Verify: Legal Matters

When my parents married in Fairfax County, Va., in 1977, they went first – as was the law – to apply for a marriage license. Due to the commonwealth’s reluctance to update its bureaucracy and an erstwhile attempt to limit procreation to an imaginary intellectual elite, one of the questions they had to answer during the application process was “are you feeble-minded?”

My mother, aghast but amused, turned to her then-fiancé and asked, “If I were feeble-minded, how would I know?” (She decided that she was not, and we remain comfortable in her decision.)

There are still a few legal hurdles to clear before you can say your “I do’s.”

Make sure your officiator is official. According to state law, only a “priest, minister, rabbi, clerk of the Religious Society of Friends, or any clergyman of any religious sect, who is authorized by the authorities of his religion to perform marriages” can preside over a wedding, unless you elect to go secular, in which case a state judge or justice of the peace can marry you. Religious officials must register with the clerk of court in their parishes in order to administer wedding vows.

You can reach the Orleans Parish Clerk of Court by calling 568-5182; maintains a comprehensive list of other parish (and state) court offices.

Make sure you’re eligible for marriage. The age of marital consent in Louisiana is 18, under which age you’ll need both parents to be present when you apply for a marriage license (the state makes exceptions for documented cases of sole custody). If you’re under 16 you and your parents will need a dispensation from a juvenile judge.

Louisiana forbids marriages between persons “related by blood or adoption within the fourth degree collateral” – which means no marriage between first cousins or closer relatives.

Louisiana doesn’t currently allow marriages between same-sex couples.

Wait your turn. State law requires a 72-hour waiting period between the issuance of a marriage license and the ceremony itself. In Orleans Parish a registered clergyman can sign a waiver of the waiting period for out-of-state residents only. Louisiana residents who want to obtain a waiver must get it signed by a district judge or justice of the peace from the parish in which the license was issued.

Do not wait too long – marriage licenses expire 30 days after they are issued. Once it expires, you must purchase a new one.

Get the license itself. You don’t both need to apply in person for a marriage license, but you must present birth certificates from both parties (it’s sort of like running for President, but without all the slogans). If either party cannot produce a birth certificate, you must obtain a waiver from a justice of the peace or district judge.
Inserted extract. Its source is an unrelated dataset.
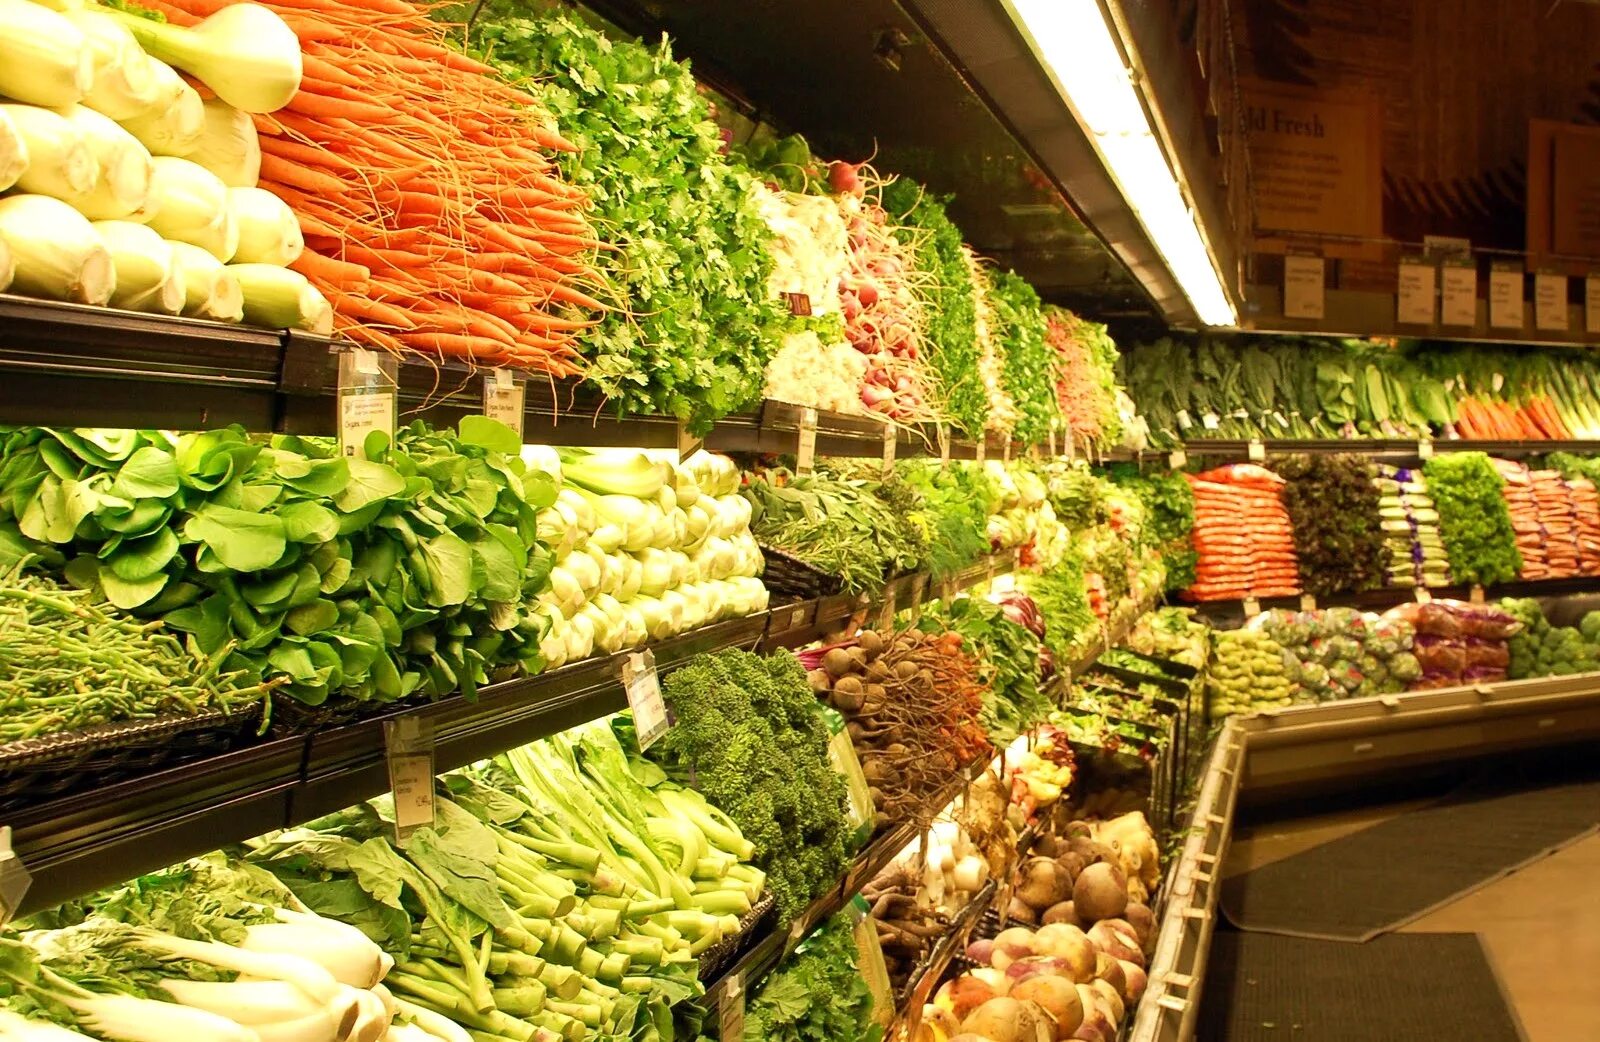 Vegetables shop. Выкладка овощей. Выкладка овощей и фруктов в магазине. Выкладка овощей в магазине. Овощи выкладка и фрукты в магазине.

Applicants born out of the country who haven’t been naturalized must present their original birth certificates; if the certificates aren’t printed in English, they must provide certified English translations on official letterhead. Naturalized foreign-born applicants must present their original citizenship or naturalization papers, and also a valid state ID or driver’s license. Naturalized citizens must obtain waivers from a justice of the peace or district judge. Non-naturalized citizens who cannot meet the requirements for documentation may present valid passports and try to obtain a waiver as well. (In case you’re here on vacation and decide to get hitched. It is, after all, a very romantic city.)

There is a $31.25 fee for a marriage license. Copies are $5 each. The aforementioned waivers each carry a $2.50 fee.

Married before? better ‘fess up. If either applicant has been married before, he or she must present documentation of the dissolution of the previous marriage. If you’re divorced, you must present a certified copy of the divorce judgment; if you have been widowed, you must present an official death certificate naming you as the surviving spouse.

Choose your option package. Louisiana offers the option of covenant marriage, which constitutes a more restrictive marital contract. Couples who enter into covenant marriages cannot obtain no-fault divorce settlements. If you choose to go the covenant route, both applicants must apply for the license in person, attend premarital counseling and sign a declaration of intent in the presence of a notary.

And that’s it! Sign on the dotted line, and enjoy your big day.